Following the apparent path without inventing it
A retrieval path is a reconstruction of the pages, listings, query interpretations, and source relationships that may have guided an answer. It is based on visible evidence because the system’s complete internal process is unavailable.
Prompt comparison can strengthen that reconstruction. If a category word changes and a new directory source appears beside a broader business label, the two observations fit a plausible interpretation. If a branch term is removed and the answer begins citing a group-level page, that shift may help explain why location details become mixed.
Still, the laboratory avoids turning sequence into proof. The changed prompt and changed source may coincide without one directly causing the other. An undisclosed source could have influenced both answers. Ordinary run variation may also account for part of the difference.
For that reason, matched comparisons are renewed rather than read once. The team looks for returning relationships across repeated runs, models, languages, and observation occasions where appropriate. A pattern that reappears becomes more informative, though it remains bounded by the preserved conditions.
Cross-language comparisons require special care. A Thai and English prompt can express the same broad intent while differing in category precision, place hierarchy, politeness, or implied audience. Literal translation may produce an unnatural query that no ordinary user would ask. The laboratory records the formulations as matched discovery intents, not as perfectly equivalent strings.
Sometimes the most useful result is that no stable path appears. One formulation may alternate between two entities, while another reliably returns one branch but varies its citations. That asymmetry suggests different kinds of instability. It does not need to be cleaned into a single story.
Limits of prompt comparison
The method cannot reveal private retrieval infrastructure, hidden ranking logic, undisclosed intermediate steps, or every source used internally by the model. Visible citations may represent only part of the material that shaped the output. Apparent retrieval paths therefore remain inferred.
A small set of prompt pairs cannot establish a universal rule about words such as “best,” “near,” or “hospital.” Their effects depend on the entity, language, geography, public source environment, and model context.
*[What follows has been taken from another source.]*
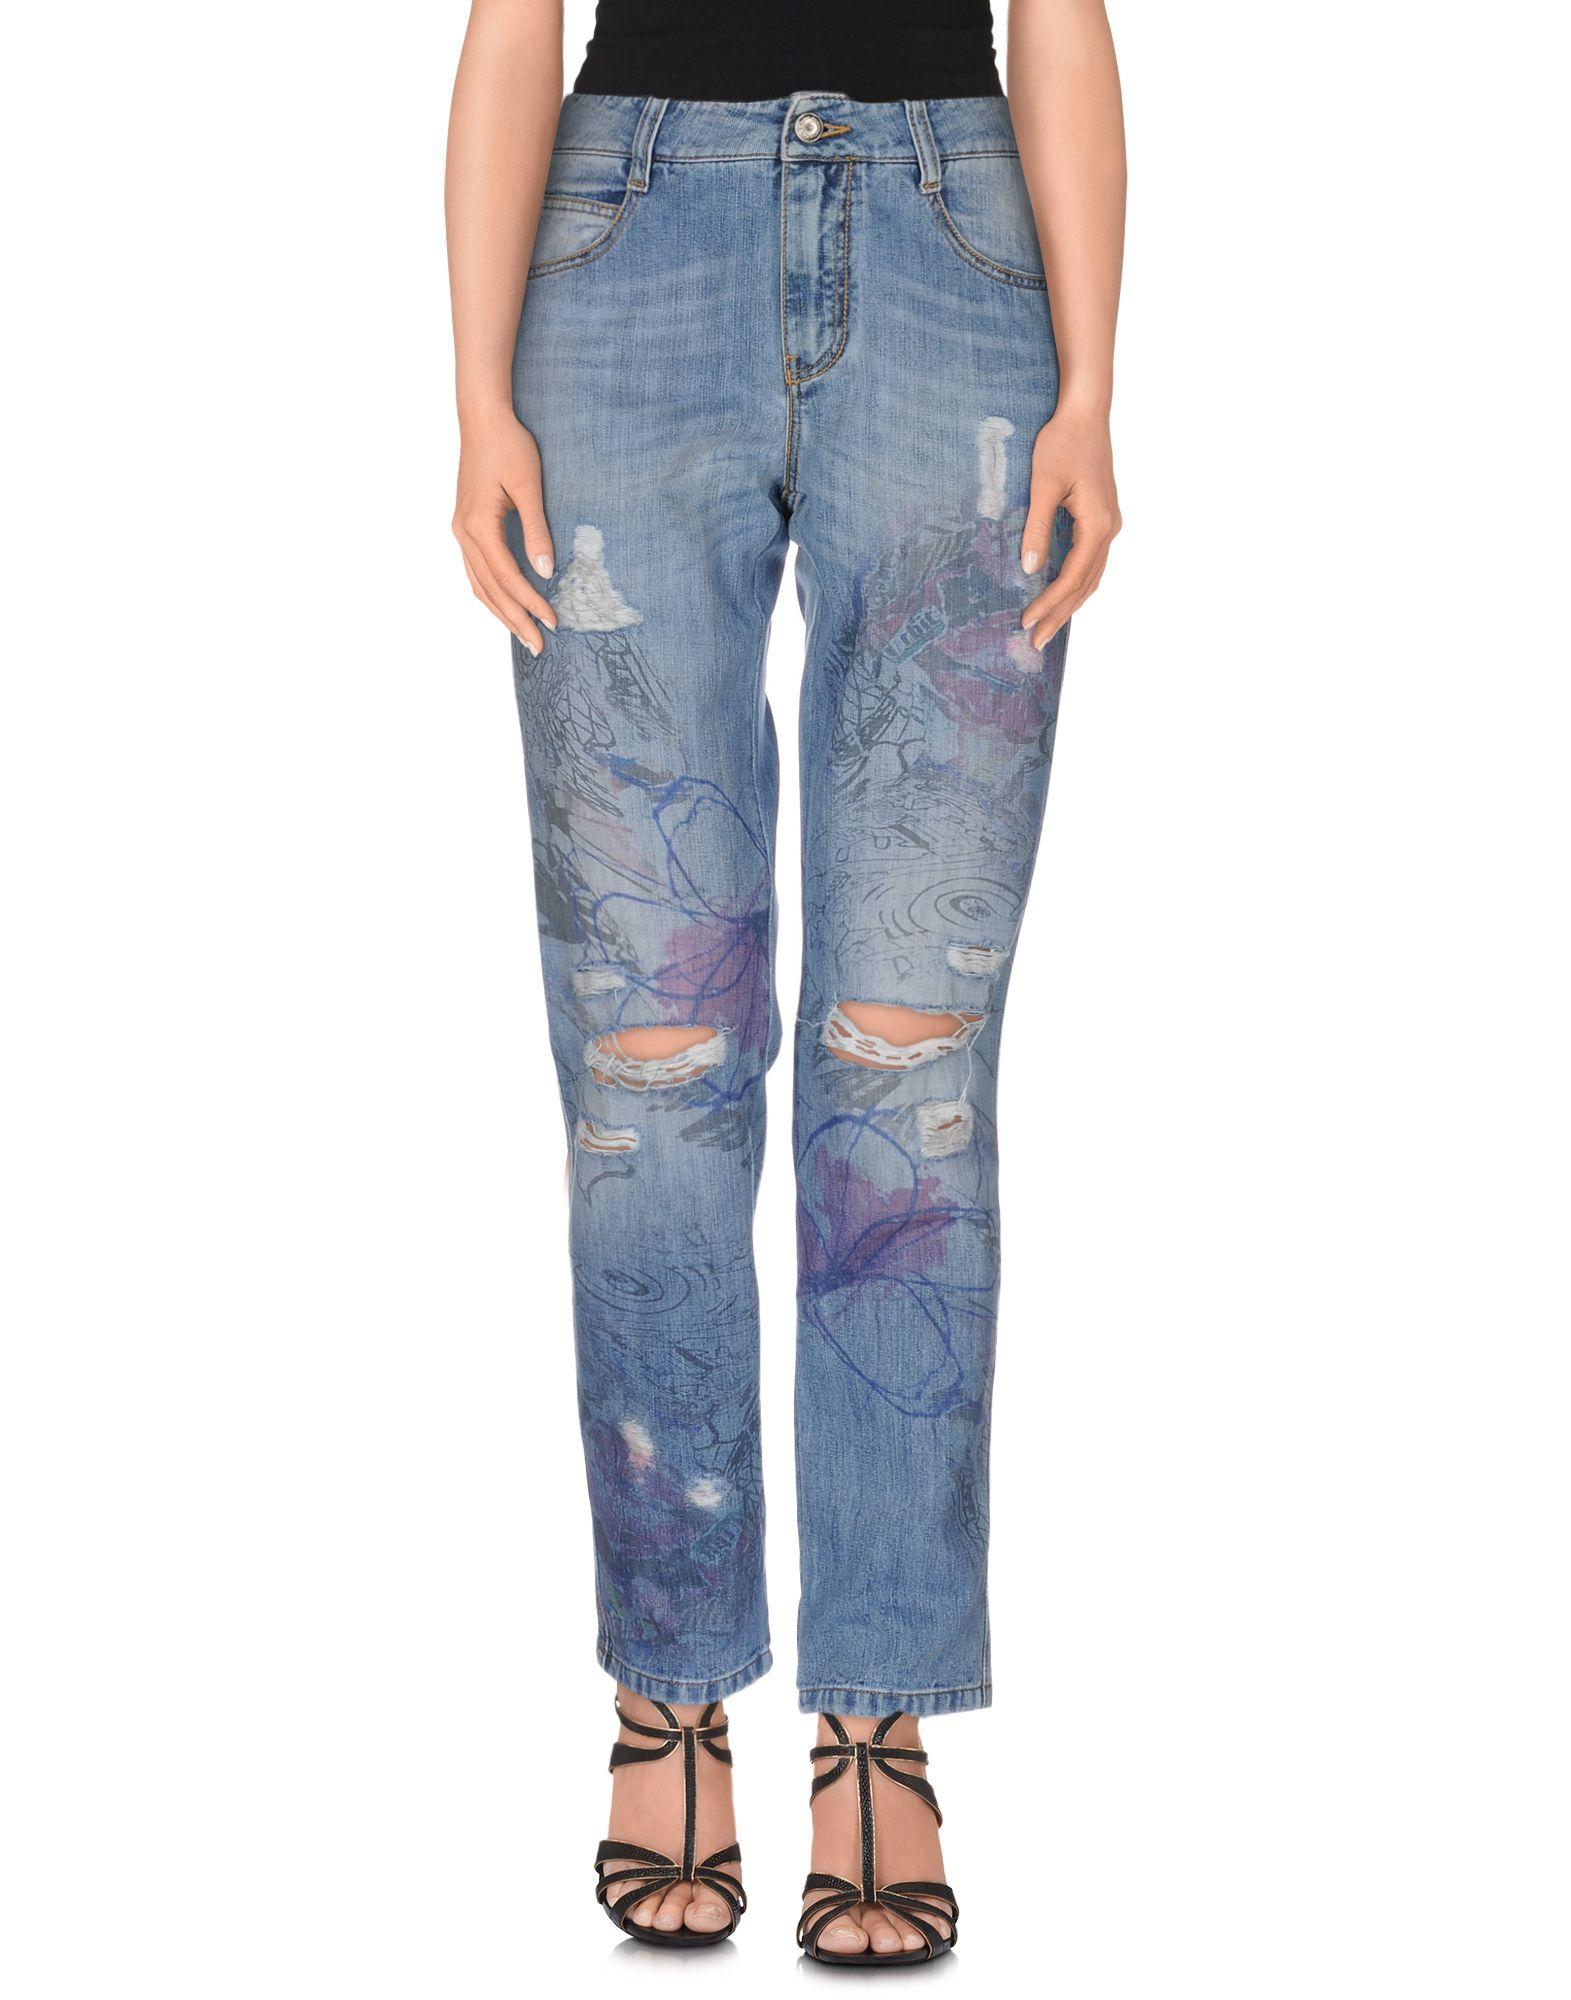 Pantaloni Jeans Ermanno Scervino Donna - Acquista online su hfMn5afaGw
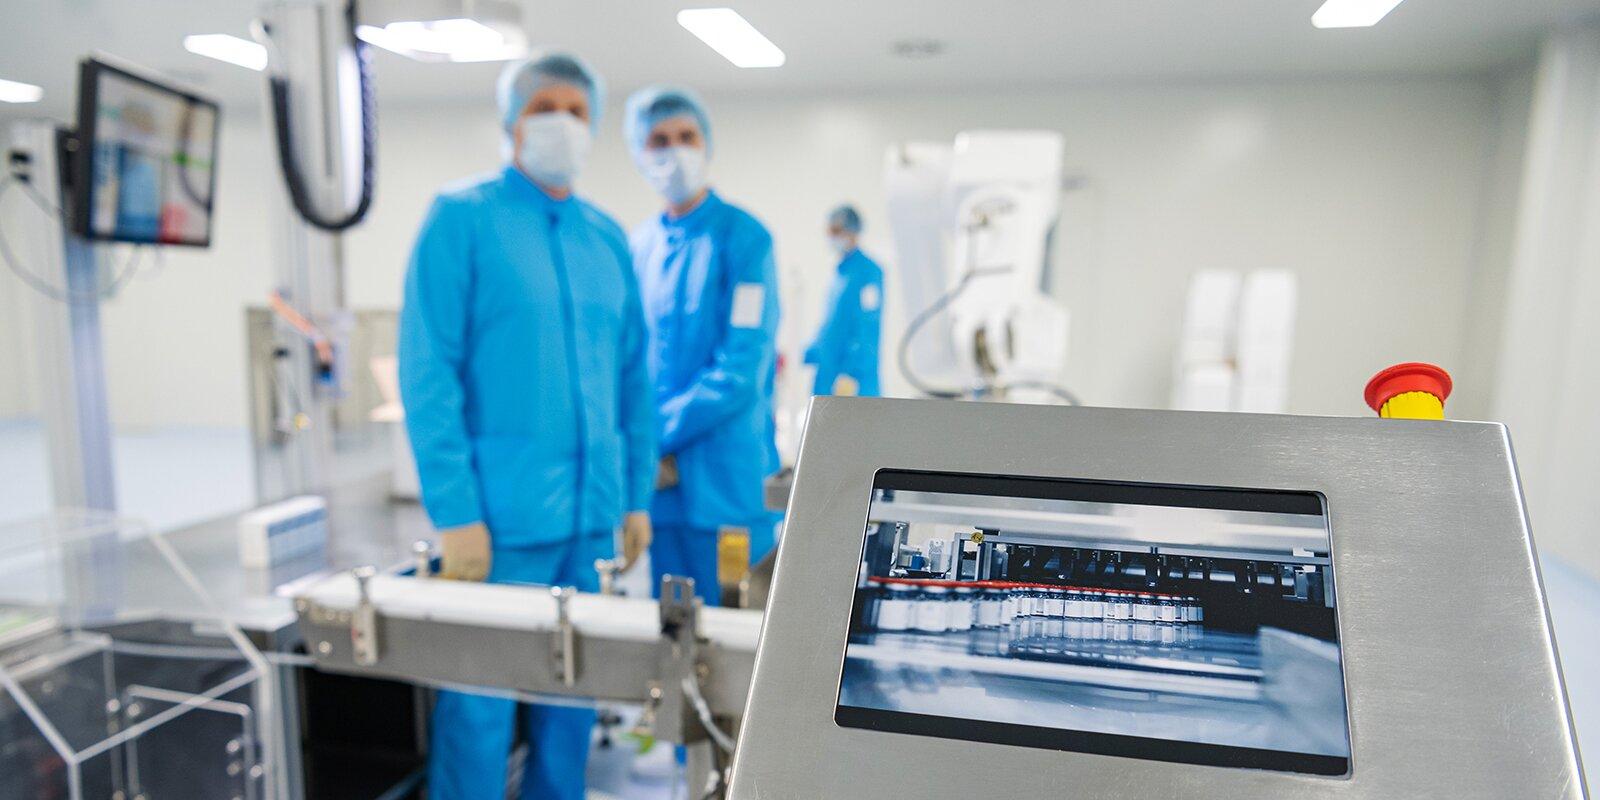 Вакцина или плацебо: к середине июля участникам испытаний Спутника V планируют открыть данные исследования

The laboratory reports what changed under recorded conditions and avoids converting those observations into general percentages or thresholds.
Public information can also change between runs. A map category may be corrected, a branch page rewritten, or an old directory entry removed. When prompt comparisons occur on different observation dates, those changes can complicate interpretation. The record preserves dates and visible source states where possible.
The prompt itself can contain an error. Asking for a business in the wrong province may cause a system to accommodate the premise rather than challenge it. That behaviour is worth studying, but it differs from an unprompted location mistake. The laboratory marks the false premise instead of folding it into the same category.
Most importantly, wording effects should not be mistaken for complete control. A carefully phrased prompt can reduce ambiguity in one observation and fail in the next. The research value lies in identifying which formulations expose or suppress a recurring entity and source problem.
A business does not possess one fixed generated identity waiting to be retrieved. Its apparent identity is assembled under conditions, and the wording of the question is one of those conditions. Change the question slightly, and a different set of public fragments may become available for the answer to join.